Mentorship, enhanced by technology, is the final component whose addition will transform the first three from necessary to sufficient. No one knows how to succeed in difficult circumstances like those who have overcome the same odds. TAP compensates successful individuals to go back and reinvest in their communities, while using technology to rigorously match mentors to mentees, fine-tune the mode and frequency of mentor interactions, and measure and improve the efficacy of interview preparation and coaching. Mentorship may not “scale” in the typical sense, yet technology can be an incredible means of instilling it, free from physical limitations. 

The result is a complete educational offering emphasizing both discrete skills and the wisdom of experience. That offering is in the extremely capable hands of Jason’s and my TAP co-founder Tim Raftis, a product manager and startup operator with an unparalleled ability to turn raw data and user requirements into industry-standard software (as he did at two prior companies I co-founded, Palantir and Affinity).

TAP advisor Jodi Anderson (L) lesson planning with Chief Learning Officer Warren Mercer (R). Photo Credit Jason Spyres.

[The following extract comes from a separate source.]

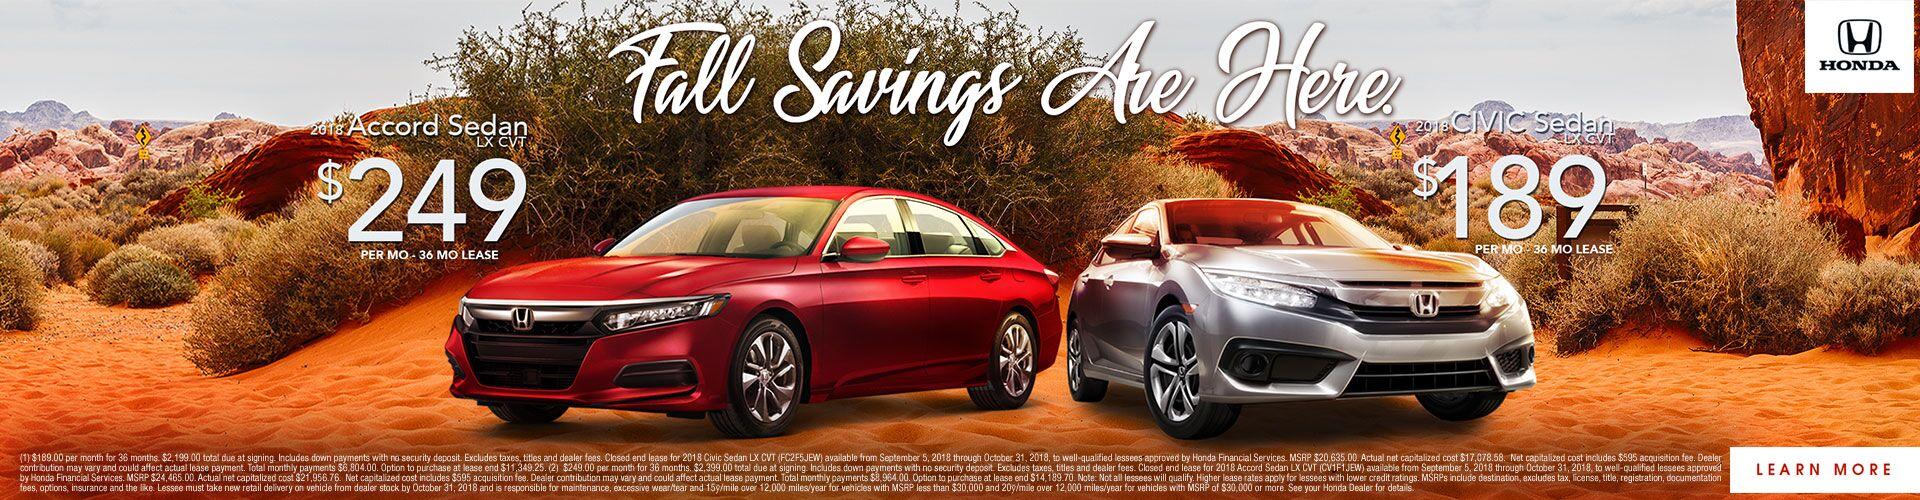 Fall Savings Are Here!

The value of building advanced skills goes far deeper than getting a better job the next time around (which is itself life-changing, and taken for granted by too many in the professional class). On an individual level, the dignity of performing difficult, skilled work is hard to overstate, as is the confidence instilled by closing the gap between one’s potential and degree of self-actualization. The result is an identity that is earned, not labeled, and is thus truly one’s own. On a societal level, skilled work defines our standard of living, and will determine whether we rise to the challenge in areas as diverse and consequential as energy, life sciences, and healthcare. 

Utopian proposals to create economic mobility have failed because they’ve focused on zero-sum equations and attempted to create effects without causes. Even more insidiously, they’ve decoupled static indicators from the real individuals these programs are supposed to serve. Few would consciously deny the human capacity to uplift ourselves - in the words of William Faulkner, “a spirit capable of compassion and sacrifice and endurance.” Why, then, aren’t more people talking about new paths to prosperity rather than redistribution schemes?

In considering the task before us, I like to reflect on the wisdom of leaders from Ronald Reagan, who quipped that “the best social program is a job”, to FDR, who cautioned that “no country, however rich, can afford the waste of its human resources". TAP emphasizes both responsibility and aspiration, using a model that is practical, sustainable, and commonsense. Yet it is also radical - in its rejection of pessimism and the status quo, and its belief that anyone can make it in America. 

In this next chapter, TAP is focused on piloting our first training programs with industry partners, and we recently conducted our first, for a major high-tech manufacturer. We will be learning and iterating intensively, with the goals of 1) facilitating transformational learning and 2) scaling from hundreds, to thousands and eventually millions of participants. Crucially, it is the participants who will be changing their own lives, through hard work and advancing skills, and those of others in their communities, as successful graduates reinvest their knowledge through mentorship. While no one else can walk the path for them, it will be an honor to provide our fellow citizens with a few critical signposts as they take their place in advanced industries.